Вечером сын поехал к невесте. Мать отчего-то нервничала. Все спрашивала у тебя, стоит ли Игорю жениться? Ты торопился, отвечал невпопад. Тебя вечно куда-то вызывали. На переживания подобного рода у тебя попросту не оставалось времени.
Вернулся ты лишь под утро. Открыл дверь и уже с порога почувствовал что-то неладное. В кабинете и на кухне горел свет. Заплаканное лицо матери, пустые пачки «Беломора» — обе пустые, окурки в пепельнице. Ты очень устал, и тебе не хотелось заранее ничего переживать. Сел на стул и спросил: «Ну что тут у вас? Рассказывайте». И они рассказали.

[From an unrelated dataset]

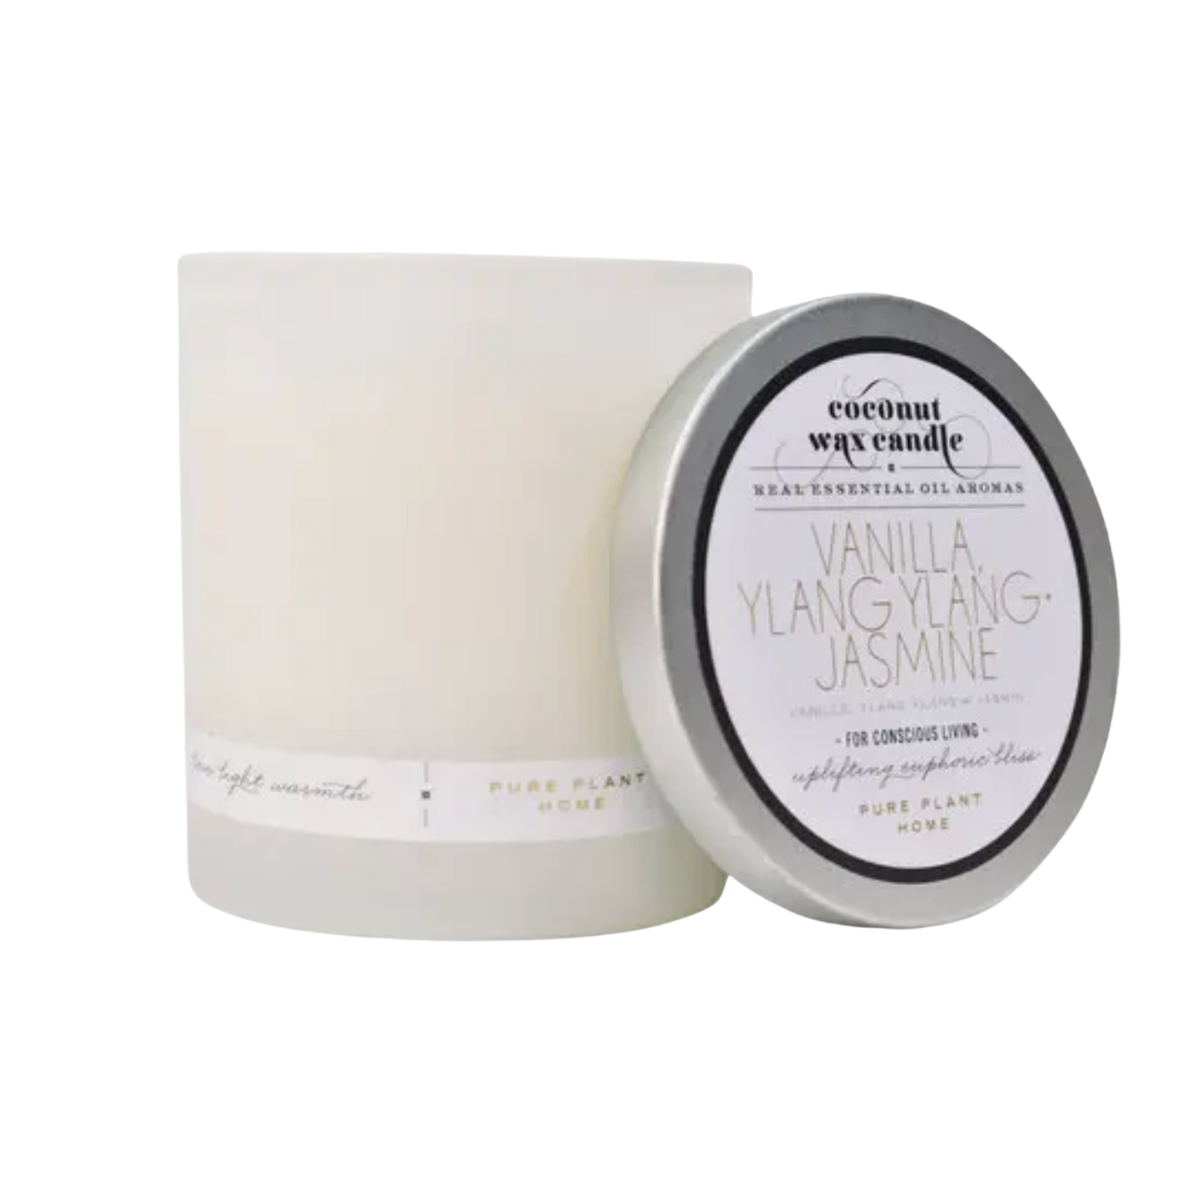 Vanilla Ylang Ylang Jasmine Real Essential Oils Coconut Wax Candle

На белом блюдце лежало обручальное кольцо. Сын стряхивал пепел на это же блюдце, и тогда кольцо легонько позвякивало, напоминало о своем присутствии.
«Они передумали, — пробормотала мать, закрыла рот рукой и сдавленно заплакала. — Обстановка изменилась, сейчас не до любви. «А если тебя убьют?» — Вера Антоновна так и сказала Игорю — «убьют». «Война, — сказала она. — Надо думать о другом», — всхлипы мешали матери говорить.
Ты был скупым на чувства отцом. Отчаяние матери никак не могло завладеть твоим сознанием. Ты слушал, и все случившееся представлялось тебе досадной неприятностью, не бедой, а именно неприятностью, какие могут быть и какие следует переживать спокойно. От тебя ждали слов разума, слов утешения, слов, способных все поставить на свои места. Как уж ты там себя повел в самом деле, я не знаю. Но, судя по твоему рассказу, ты остался самим собой.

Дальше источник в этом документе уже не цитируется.